- First appearance: Legend VI
- Last appearance: Legend VI
- Created by: Anonymous

In-universe information
- Alias: Saljan Khatun
- Nickname: Yellow-toned
- Position: Oghuz princess
- Family: King of Trebizond (father)
- Spouse: Kanturalı
- Relatives: Kanli Koja (father-in-law)
- Religion: Islam
- Nationality: Oghuz

= Princess Saljan =

Legendary heroine

Princess Saljan (Şahzadə Selcan, Selcan Hatun) is a character in the Book of Dede Korkut and other Turkic mythology.
==In the Book of Dede Korkut==

"Kan Turali Son of Kanli Koja" is considered the most romantic story in Korkut Ata's book. Kanli Koja eagerly attempts to marry his son off immediately. Still, his son has very high standards for a wife:Before I rise to my feet she must rise; before I mount my well-trained horse she must be on horseback; before I reach the bloody infidels' land she must already have got there and brought back a few heads.

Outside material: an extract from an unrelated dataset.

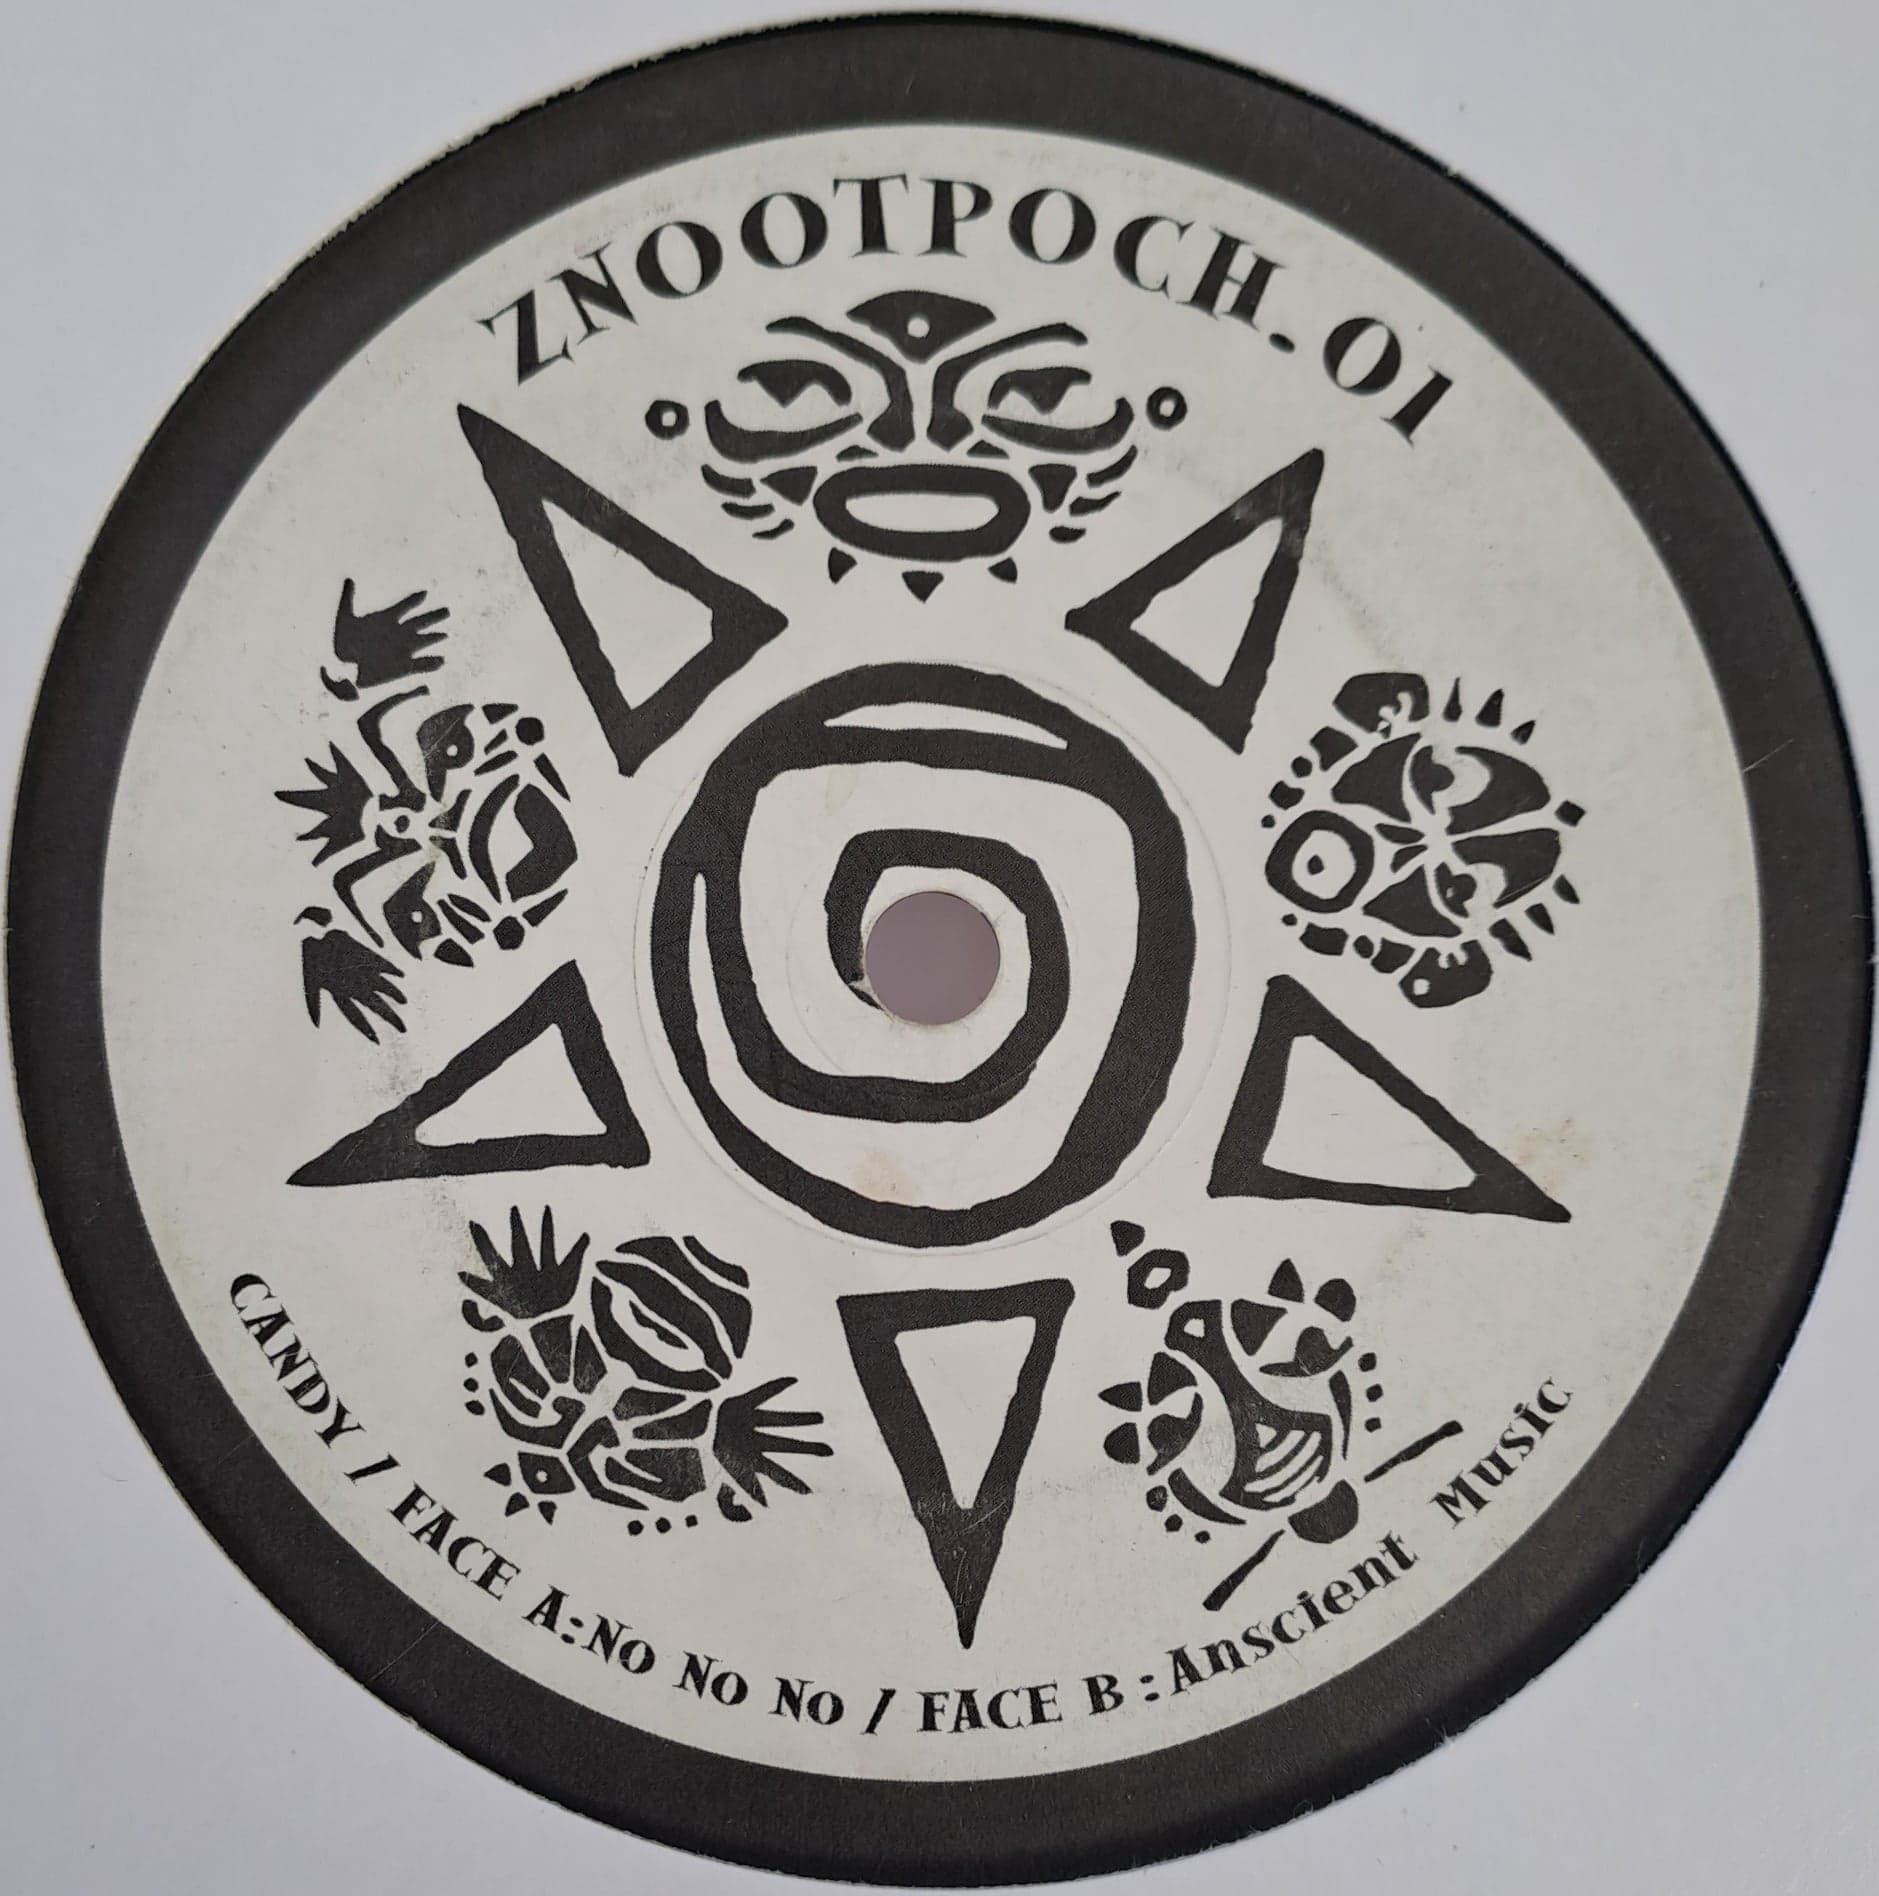 ZnootPoch 01 - vinyle Drum & Bass

Kan Turali then finds a girl who he thinks meets his standards, Saljan, although her father was the infidel king of Trebizond. Kan Turali rides off to the Byzantine castle, where he has to face all sorts of challenges including having to kill a lion, a bull, and a savage black camel to win the hand of the king's daughter Princess Saljan. After refusing to enter the bridal's tent before receiving his parents' blessing, Kan Turali heads for the land of the Oghuz with his betrothed. After regretting giving his daughter to Kan Turali, the king of Trebizond sends an army to kill the couple. Caught off guard, Kan Turali is nearly about to die in the fight and Princess Saljan saves him, as while Kan Turali sleeps, Saljan realises that other potential suitors for her may come and kill Kan Turali. Therefore, she takes Turali's horse and dons his armour and spear, and takes a high ground to be on the lookout for enemies. Saljan eventually wakes up Kan Turali after her father's soldiers arrive, saying: Wake up! Raise your head, O warrior!
The foe has come, the enemy is here!
Why do you sleep? Arise, warrior!
My part was to rouse you; yours, to fight and show your skill.

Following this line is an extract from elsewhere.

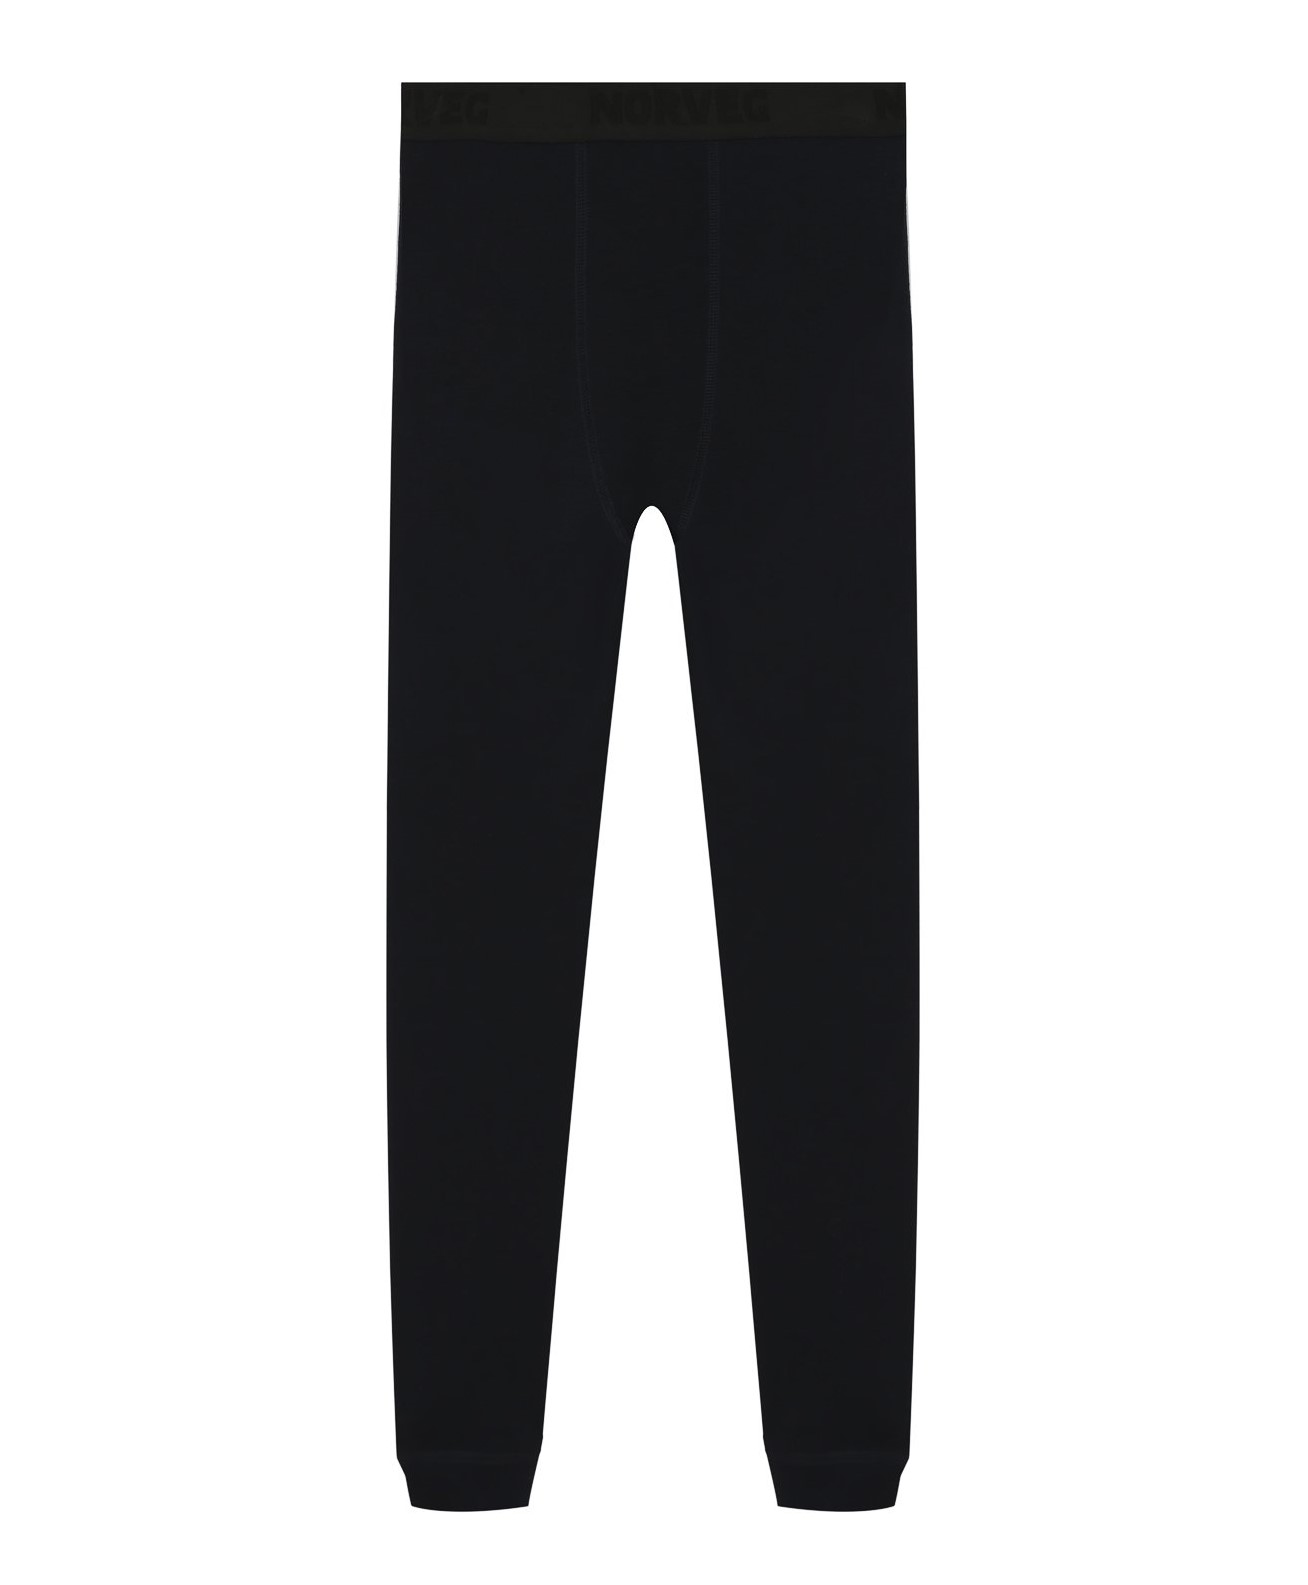 Термобелье брюки для мальчиков Norveg Soft Teens Jr: купить в Иркутске поцене 3799.00 в интернет-магазине Фанат

Saljan fights off her father's soldiers and saves Turali's life. This leaves Kan Turali furious as he has been saved by a woman. He threatens to kill her, whereupon she promises not to boast about saving him, but still, he is furious. Annoyed, she asks if they could handle the matter with their bows. She shoots first and fails to kill him because she failed to remove her finger from the arrow that she was holding. The couple embraces and reconciles after they now learn that they truly love each other and neither of them can't kill each other. Returning to the Oghuz lands, away from the infidels, they hold a grand wedding feast where Dede Korkut sings the sixth legend (this story).